If you do 'set complaints 1000' before loading the offending binary into GDB, then you get to see GDB complain about all the debug symbols it can't handle.  The output looks like:

  During symbol reading: function `_savegpr_14' appears to be defined outside of all compilation units
  During symbol reading: function `_save32gpr_14' appears to be defined outside of all compilation units
  During symbol reading: function `_savegpr_15' appears to be defined outside of all compilation units
  ... snip ...
  During symbol reading: function `_restgpr_14' appears to be defined outside of all compilation units
  During symbol reading: function `_rest32gpr_14' appears to be defined outside of all compilation units
  During symbol reading: function `_restgpr_15' appears to be defined outside of all compilation units
  ... snip ...

Which look like register save/restore hooks, but I don't claim to really understand.  I don't believe that these symbols have and DWARF information available, so these functions will not show up in something like 'info functions', but there is a symbol for these functions in the symbol table, which GDB does read, so you can do things like 'x/10i _savegpr_14`, however, the symbol table entry has no type or size, so GDB doesn't understand the bounds of the function.

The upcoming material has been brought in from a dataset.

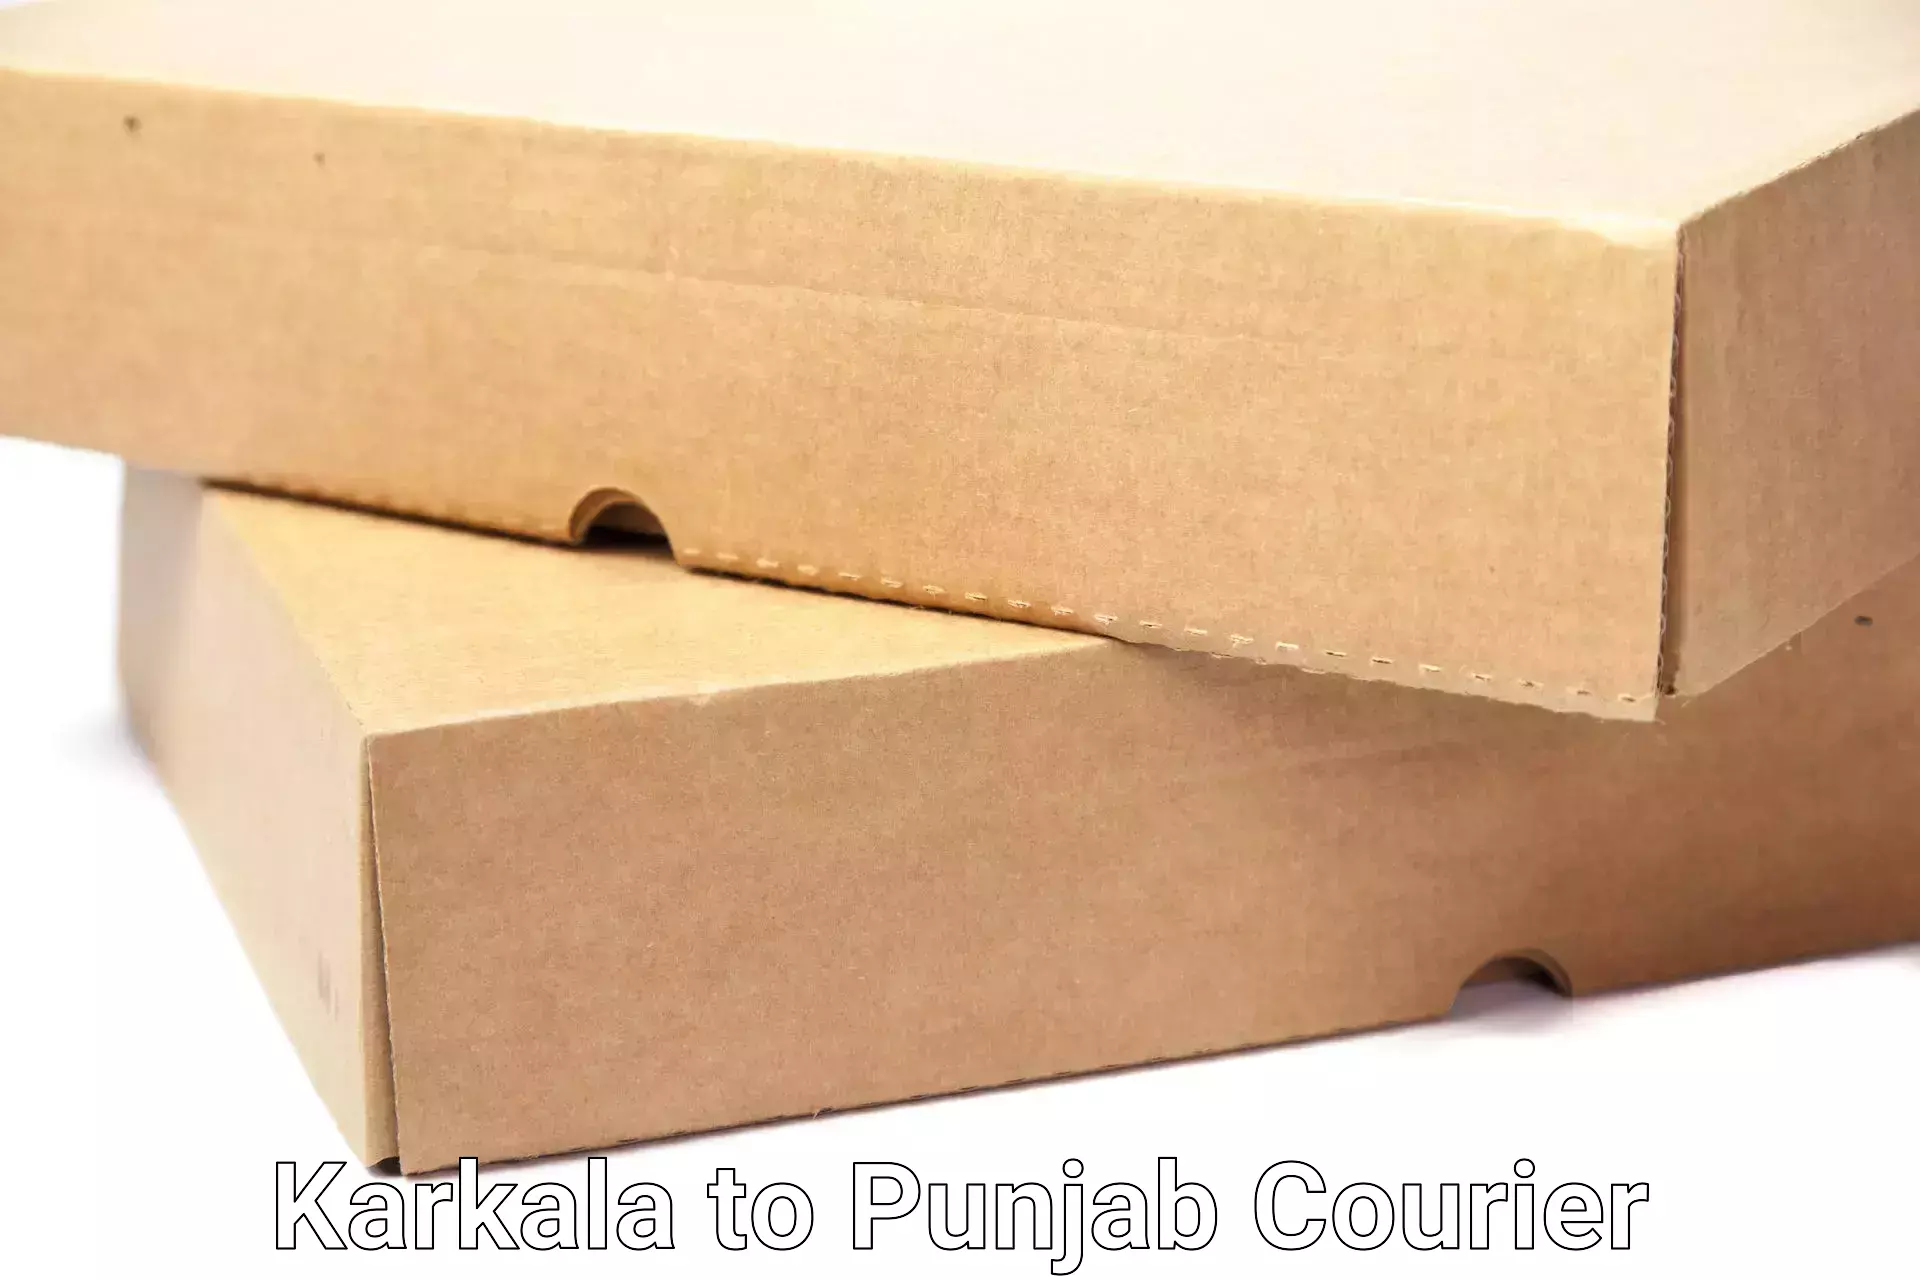 Reliable furniture movers Karkala to Punjab
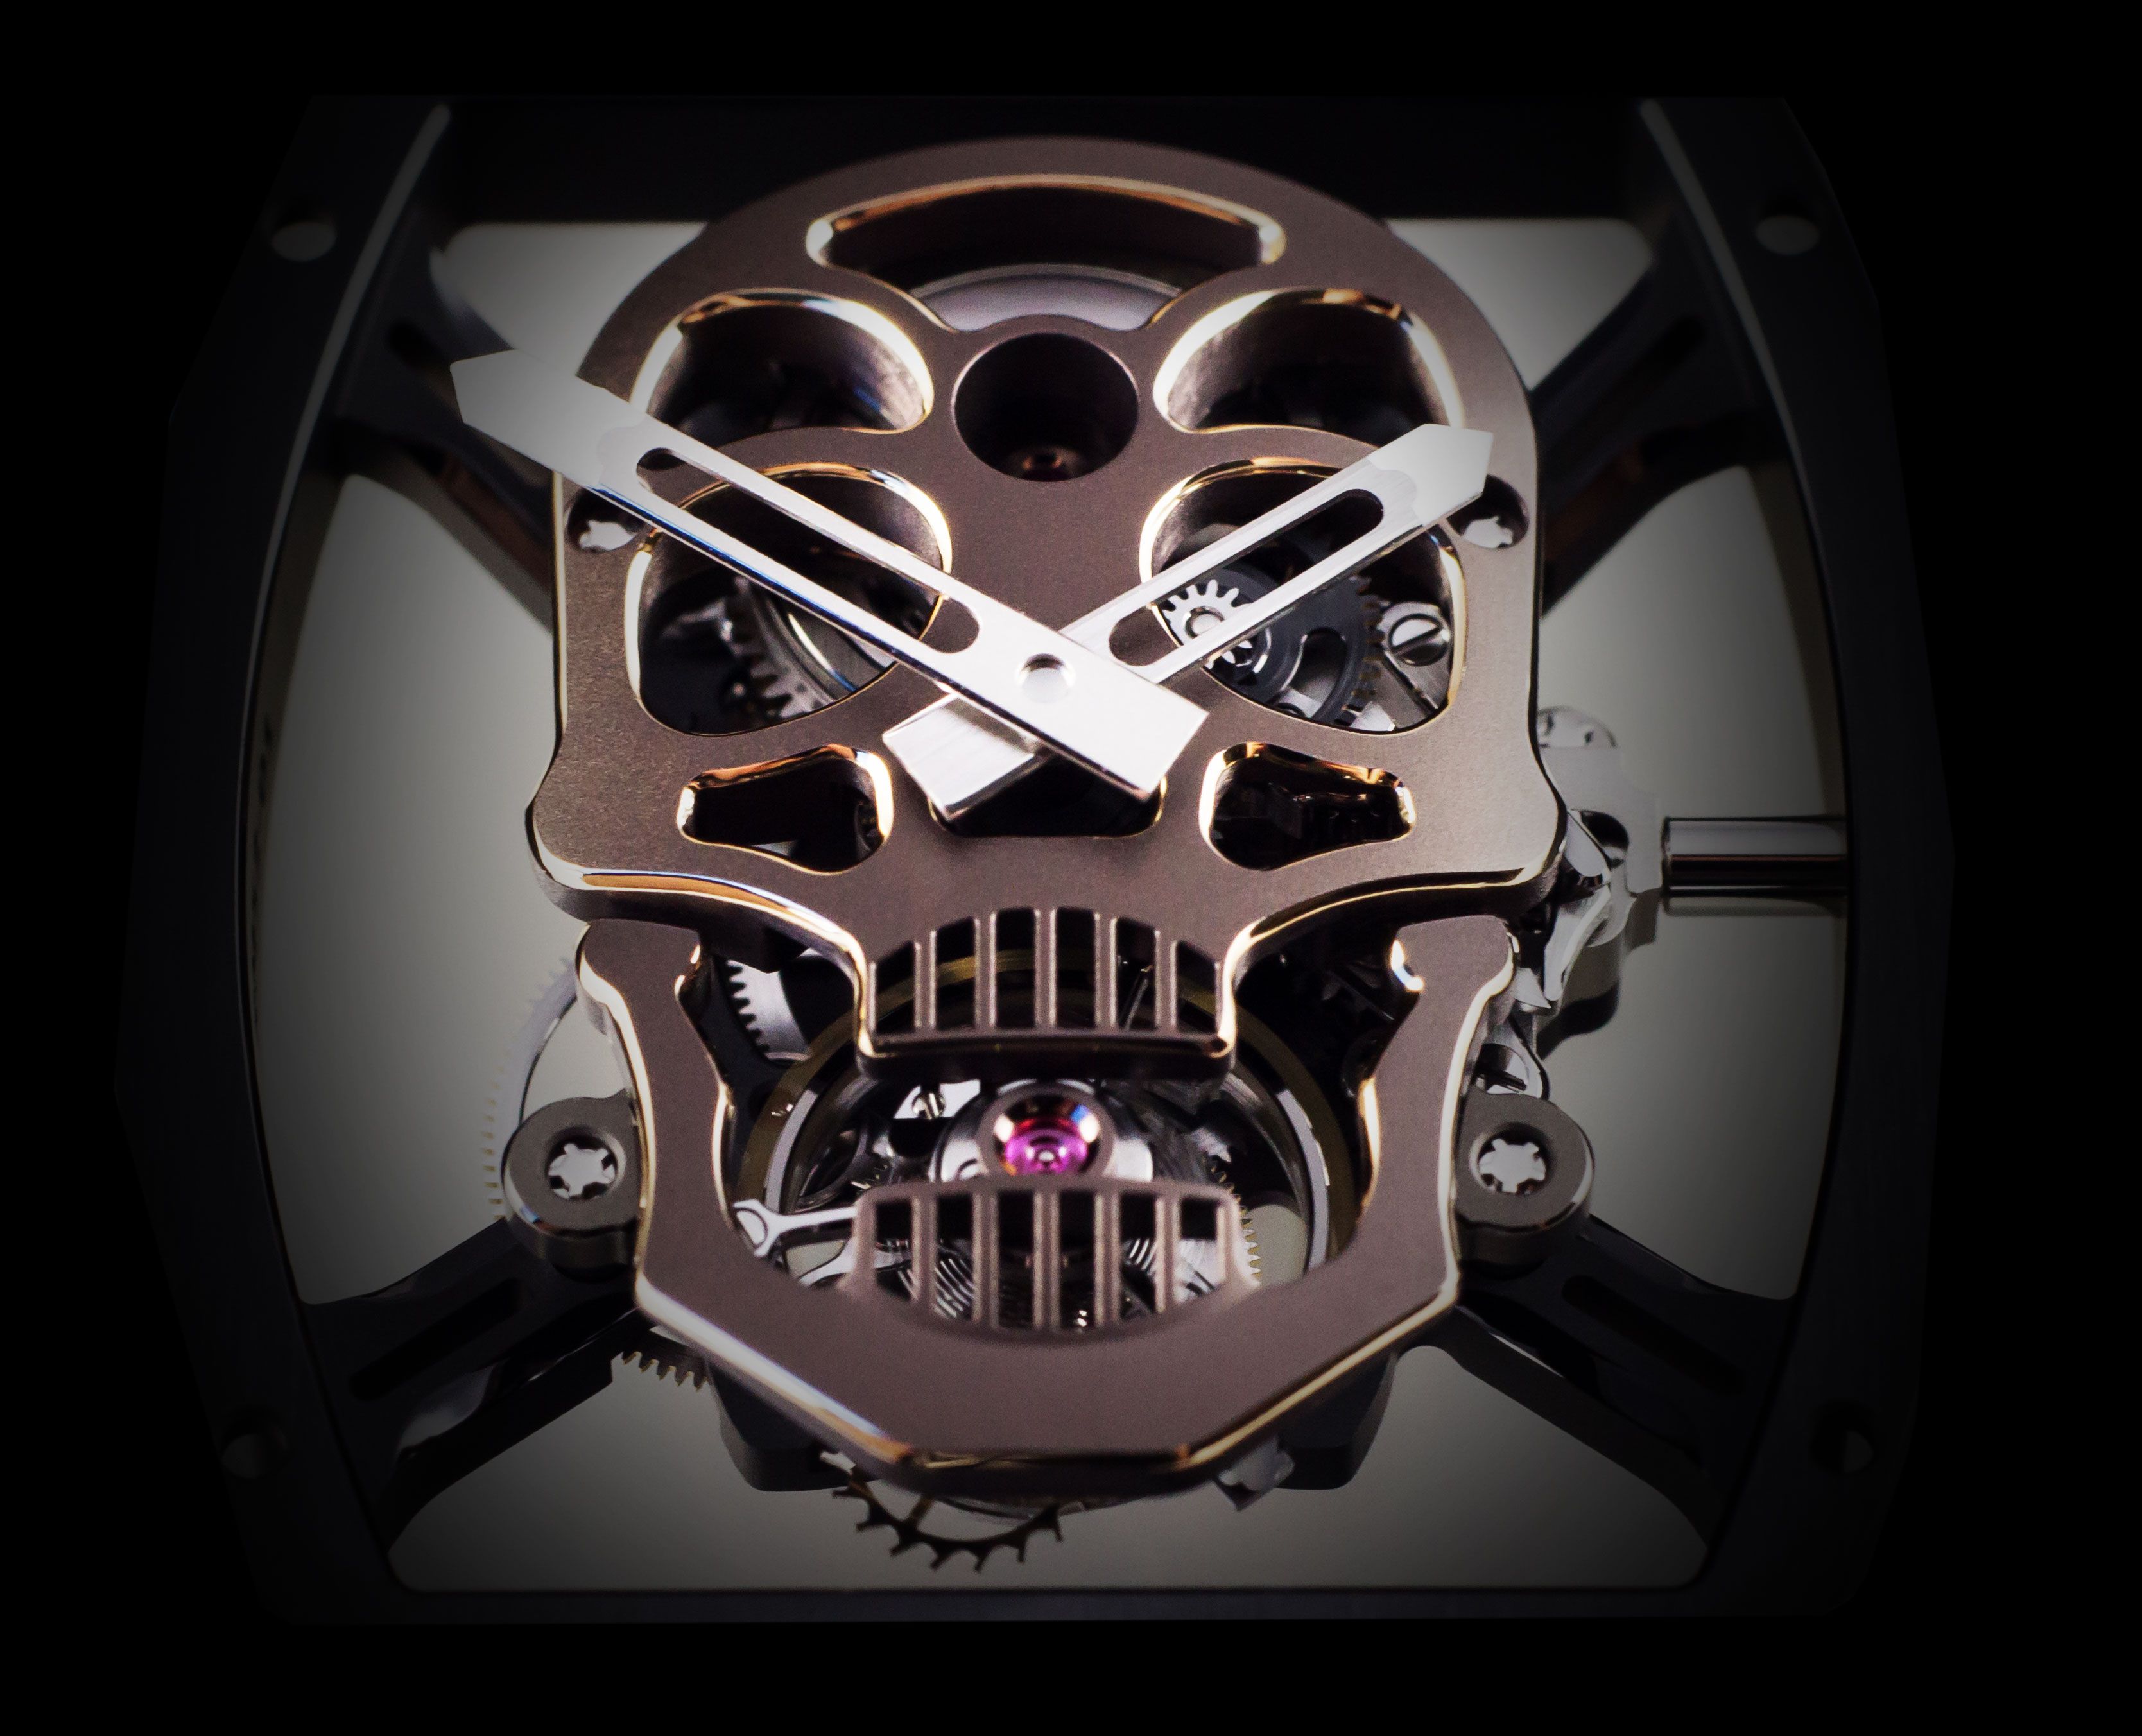 Authentic Replica Rolex Watch

Given the original bug description is for GDB crashing, and this is now fixed.  I'd like to tentatively propose we close this bug.  If Glenn feels like there is still important debug information that isn't being loaded, this might be better represented in a new bug.  Given the lack of GDB developers interested in improving stabs support (right now), I suspect any new bug is not likely to get much attention.  Thoughts?
Comment 12 Tom Tromey 2022-04-29 19:54:53 UTC
> Given the original bug description is for GDB crashing, and this is now
> fixed.  I'd like to tentatively propose we close this bug.  If Glenn feels
> like there is still important debug information that isn't being loaded,
> this might be better represented in a new bug.  Given the lack of GDB
> developers interested in improving stabs support (right now), I suspect any
> new bug is not likely to get much attention.  Thoughts?

+1 to closing it from me.
Given that GCC is removing stabs, and that we don't have any stabs
maintainers or even experts on GDB any more, at some point I'm
going to propose removing the stabs code entirely.